Несколько дней Дулькин приглядывался к Грише. А потом проникся доверием.
— Изволите ли видеть, — таинственно сказал он в отсутствие квартирной хозяйки, — ввиду непрерывно возрастающей дороговизны я держу у себя некоторые запасы продовольствия. У меня в комнате стоит жестяной бачок с подсолнечным маслом. Затыкается он пробкой, замка тут не приделаешь. Металлическая посуда лишена прозрачности, и, чтобы удостовериться, нет ли, так сказать, проникновения в нее посторонней руки, я нанес карандашом черту, соединяющую пробку с горлышком бака. И что же? Увы, я скоро убедился, что черта сдвинута в сторону и даже несколько смазана, по всей видимости, чьим-то пальцем. Когда я на службе, в комнату ко мне заходит только Марья Ивановна, для подметания полов. — Он с непритворной печалью поглядел на Шумова: — Что вы мне можете посоветовать?
Шумов поглядел на Дулькина. Так вот кого послала ему судьба в соседи вместо Тимофея Леонтьевича!
— Что я могу вам посоветовать? — сказал он задумчиво: — Сейчас, говорят, можно достать на базаре старую колючую проволоку. Загородите ею угол комнаты, где стоит ваш бачок с маслом. Хорошо бы еще пустить через проволоку электрический ток. Но, пожалуй, это с технической стороны будет сложно. Тогда покройте колючки ядовитым составом. Вот когда злоумышленник будет наказан!
Модест Дулькин поднял линялые голубенькие глазки и принужденно хохотнул.
В доверительные разговоры с Шумовым он больше не вступал.
Но недобрые чувства, очевидно, затаил.
Когда Гриша вернулся с очередной разгрузки баржи, Дулькин с нескрываемым злорадством вручил ему повестку:
— Я взял на себя смелость принять этот документ и ввиду его важности удержать при себе до вашего прихода. Во избежание возможной утери.
Повестка извещала Шумова Григория, что ему надлежит явиться завтра к девяти часам утра на призывной пункт по указанному ниже адресу.
Следя за выражением Гришиного лица, Дулькин проговорил:
— Что ж… Офицерская форма вам будет к лицу. Студентов ведь, как я слыхал, берут с целью комплектования школ прапорщиков?
— Я вам пришлю с фронта моток колючей проволоки, — ответил Шумов и прошел к себе в комнату.
Все было сорвано!
И близкий экзамен по политической экономии, и переход на второй курс, и реферат о Фурье… И все то, что озарило его жизнь новым светом, — то, что было связано с Шелягиным, Комлевым, Оруджиани. И полюбившаяся ему работа на пристани…

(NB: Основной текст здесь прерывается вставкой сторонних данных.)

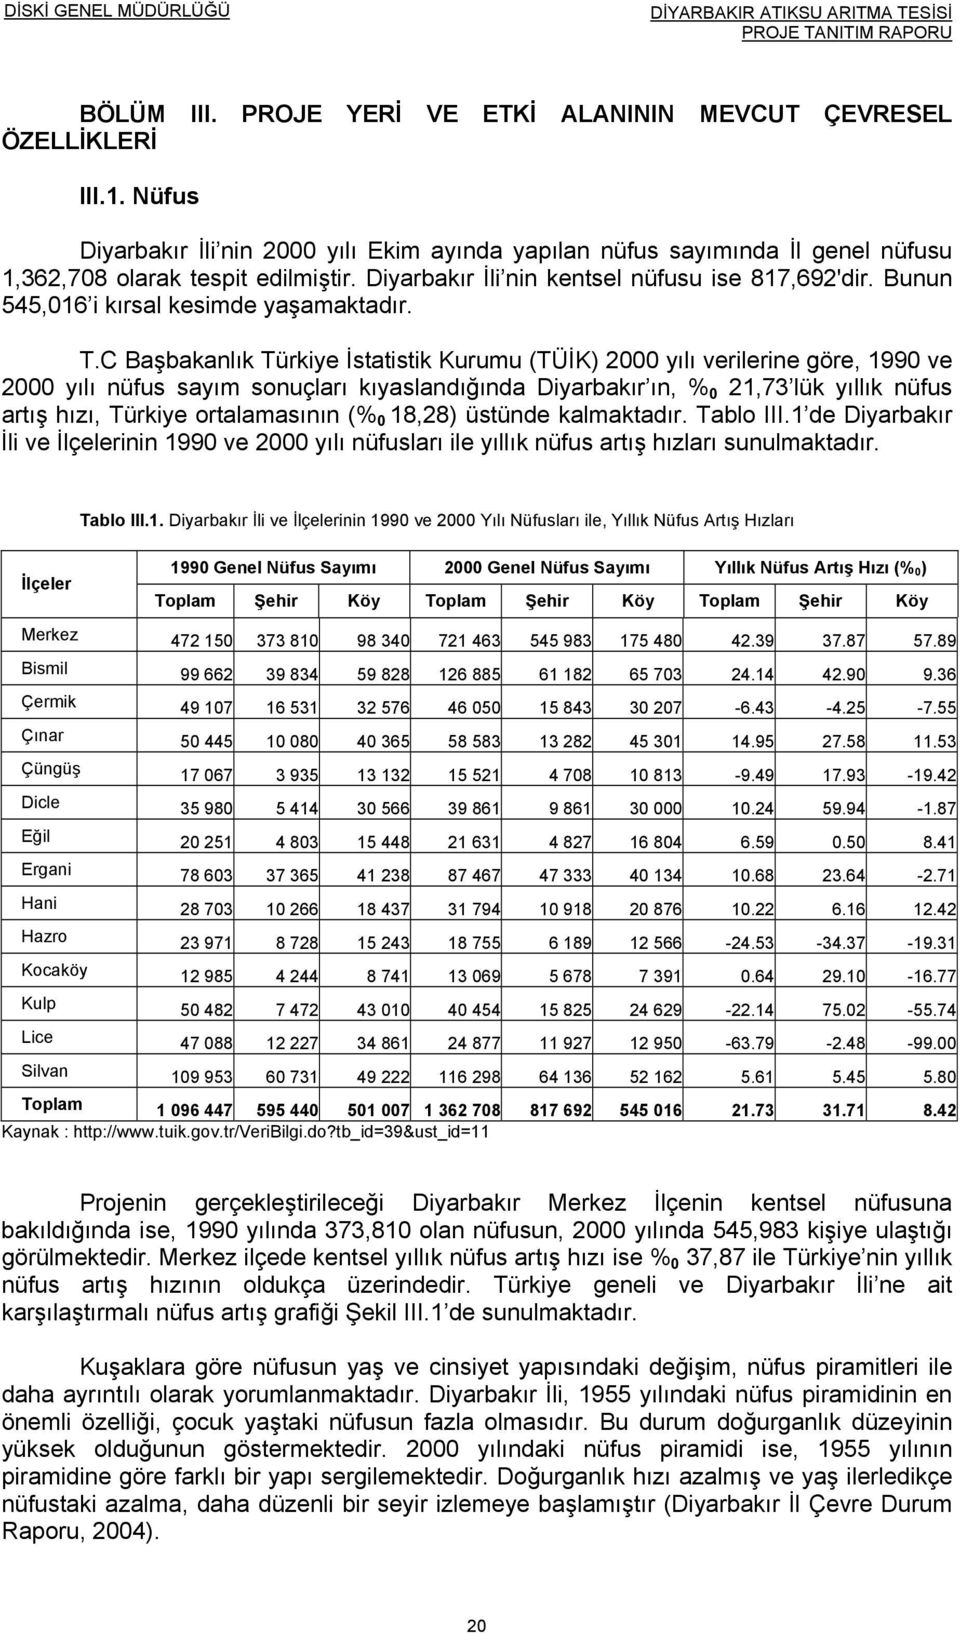 C Başbakanlık Türkiye İstatistik Kurumu (TÜİK) 2000 yılı verilerine göre, 1990 ve 2000 yılı nüfus sayım sonuçları kıyaslandığında Diyarbakır ın, % 0 21,73 lük yıllık nüfus artış hızı, Türkiye

И даже встречи с Таней Кучковой, с которой он условился пойти в ближайшее воскресенье в Мариинский театр.
И ничего ведь нельзя поделать. Надвигается неизбежное — с бездушием машины, которая раздавит тебя, если не подчинишься. Или своевременно, половчей, не уклонишься в сторону. Ловкость Григорию Шумову не была свойственна.
Надо будет успеть передать Веремъеву листовку, обращение к студенчеству; ее Шумов хранил так бережно…
«…Время не терпит. Близок день. Вспомните, что было после русско-японской войны…
…Товарищи! Мы повторяем, что идем сражаться, идем в солдаты только потому, что против нас идет сила штыков, и мы объявляем царям и их правительствам, что берем оружие против своей воли. Пусть же знают они, что его употребим и против них.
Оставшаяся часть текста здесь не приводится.